Segment Start: RECORDS FOR THIS TASK

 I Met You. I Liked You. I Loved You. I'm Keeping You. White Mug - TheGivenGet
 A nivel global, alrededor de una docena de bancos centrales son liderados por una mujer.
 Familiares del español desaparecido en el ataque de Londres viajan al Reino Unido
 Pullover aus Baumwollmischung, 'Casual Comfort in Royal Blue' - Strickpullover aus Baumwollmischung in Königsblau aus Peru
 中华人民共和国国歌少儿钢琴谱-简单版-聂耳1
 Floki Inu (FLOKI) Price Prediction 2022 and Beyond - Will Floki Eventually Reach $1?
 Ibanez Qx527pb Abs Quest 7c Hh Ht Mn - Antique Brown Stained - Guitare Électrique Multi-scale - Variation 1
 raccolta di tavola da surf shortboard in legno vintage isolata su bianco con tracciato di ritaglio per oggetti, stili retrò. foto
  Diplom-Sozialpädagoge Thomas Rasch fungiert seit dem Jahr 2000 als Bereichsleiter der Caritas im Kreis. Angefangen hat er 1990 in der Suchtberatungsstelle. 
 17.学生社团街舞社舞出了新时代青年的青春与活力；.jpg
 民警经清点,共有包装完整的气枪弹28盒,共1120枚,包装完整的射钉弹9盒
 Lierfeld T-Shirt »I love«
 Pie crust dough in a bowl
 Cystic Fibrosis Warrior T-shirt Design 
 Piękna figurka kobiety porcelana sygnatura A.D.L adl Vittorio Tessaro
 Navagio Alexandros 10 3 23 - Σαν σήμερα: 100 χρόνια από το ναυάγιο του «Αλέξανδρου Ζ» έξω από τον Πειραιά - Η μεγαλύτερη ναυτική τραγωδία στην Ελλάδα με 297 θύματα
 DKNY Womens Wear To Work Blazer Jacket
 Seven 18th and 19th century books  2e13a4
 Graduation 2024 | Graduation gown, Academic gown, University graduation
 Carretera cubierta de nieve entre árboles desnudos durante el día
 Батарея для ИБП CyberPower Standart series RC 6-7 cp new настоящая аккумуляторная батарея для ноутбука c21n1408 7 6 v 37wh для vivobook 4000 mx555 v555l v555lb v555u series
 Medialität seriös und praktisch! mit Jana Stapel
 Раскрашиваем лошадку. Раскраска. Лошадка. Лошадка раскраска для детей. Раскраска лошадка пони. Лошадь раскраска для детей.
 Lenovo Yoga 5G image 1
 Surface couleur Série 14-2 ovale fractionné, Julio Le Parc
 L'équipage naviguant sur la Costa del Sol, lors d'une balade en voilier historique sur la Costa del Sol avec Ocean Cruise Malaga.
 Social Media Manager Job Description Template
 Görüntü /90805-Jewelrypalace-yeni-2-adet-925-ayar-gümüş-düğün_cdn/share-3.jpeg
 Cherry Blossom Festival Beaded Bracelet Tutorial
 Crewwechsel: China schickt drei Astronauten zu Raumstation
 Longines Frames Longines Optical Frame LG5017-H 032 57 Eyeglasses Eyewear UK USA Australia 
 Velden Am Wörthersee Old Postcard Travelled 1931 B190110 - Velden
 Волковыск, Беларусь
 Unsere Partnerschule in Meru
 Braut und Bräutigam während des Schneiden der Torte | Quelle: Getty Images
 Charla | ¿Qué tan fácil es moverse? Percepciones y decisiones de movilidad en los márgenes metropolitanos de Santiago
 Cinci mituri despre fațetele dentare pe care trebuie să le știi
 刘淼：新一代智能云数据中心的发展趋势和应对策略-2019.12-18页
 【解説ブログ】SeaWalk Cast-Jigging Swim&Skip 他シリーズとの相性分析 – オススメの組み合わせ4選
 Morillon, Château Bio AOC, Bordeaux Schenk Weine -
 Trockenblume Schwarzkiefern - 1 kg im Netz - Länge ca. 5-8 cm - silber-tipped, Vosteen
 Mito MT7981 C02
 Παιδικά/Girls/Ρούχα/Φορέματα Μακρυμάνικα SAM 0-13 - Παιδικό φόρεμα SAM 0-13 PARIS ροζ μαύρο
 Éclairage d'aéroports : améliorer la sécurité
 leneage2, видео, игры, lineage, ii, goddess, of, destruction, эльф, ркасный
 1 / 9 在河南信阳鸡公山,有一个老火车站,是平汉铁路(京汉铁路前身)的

Segment End: RECORDS FOR THIS TASK

◆ **EXERCISE DETAILS**
The output consists solely of the lines from the line that contains "L'équipage naviguant sur" through the final line of the data.

◆ **OUTPUT OF THE TASK**
 L'équipage naviguant sur la Costa del Sol, lors d'une balade en voilier historique sur la Costa del Sol avec Ocean Cruise Malaga.
 Social Media Manager Job Description Template
 Görüntü /90805-Jewelrypalace-yeni-2-adet-925-ayar-gümüş-düğün_cdn/share-3.jpeg
 Cherry Blossom Festival Beaded Bracelet Tutorial
 Crewwechsel: China schickt drei Astronauten zu Raumstation
 Longines Frames Longines Optical Frame LG5017-H 032 57 Eyeglasses Eyewear UK USA Australia 
 Velden Am Wörthersee Old Postcard Travelled 1931 B190110 - Velden
 Волковыск, Беларусь
 Unsere Partnerschule in Meru
 Braut und Bräutigam während des Schneiden der Torte | Quelle: Getty Images
 Charla | ¿Qué tan fácil es moverse? Percepciones y decisiones de movilidad en los márgenes metropolitanos de Santiago
 Cinci mituri despre fațetele dentare pe care trebuie să le știi
 刘淼：新一代智能云数据中心的发展趋势和应对策略-2019.12-18页
 【解説ブログ】SeaWalk Cast-Jigging Swim&Skip 他シリーズとの相性分析 – オススメの組み合わせ4選
 Morillon, Château Bio AOC, Bordeaux Schenk Weine -
 Trockenblume Schwarzkiefern - 1 kg im Netz - Länge ca. 5-8 cm - silber-tipped, Vosteen
 Mito MT7981 C02
 Παιδικά/Girls/Ρούχα/Φορέματα Μακρυμάνικα SAM 0-13 - Παιδικό φόρεμα SAM 0-13 PARIS ροζ μαύρο
 Éclairage d'aéroports : améliorer la sécurité
 leneage2, видео, игры, lineage, ii, goddess, of, destruction, эльф, ркасный
 1 / 9 在河南信阳鸡公山,有一个老火车站,是平汉铁路(京汉铁路前身)的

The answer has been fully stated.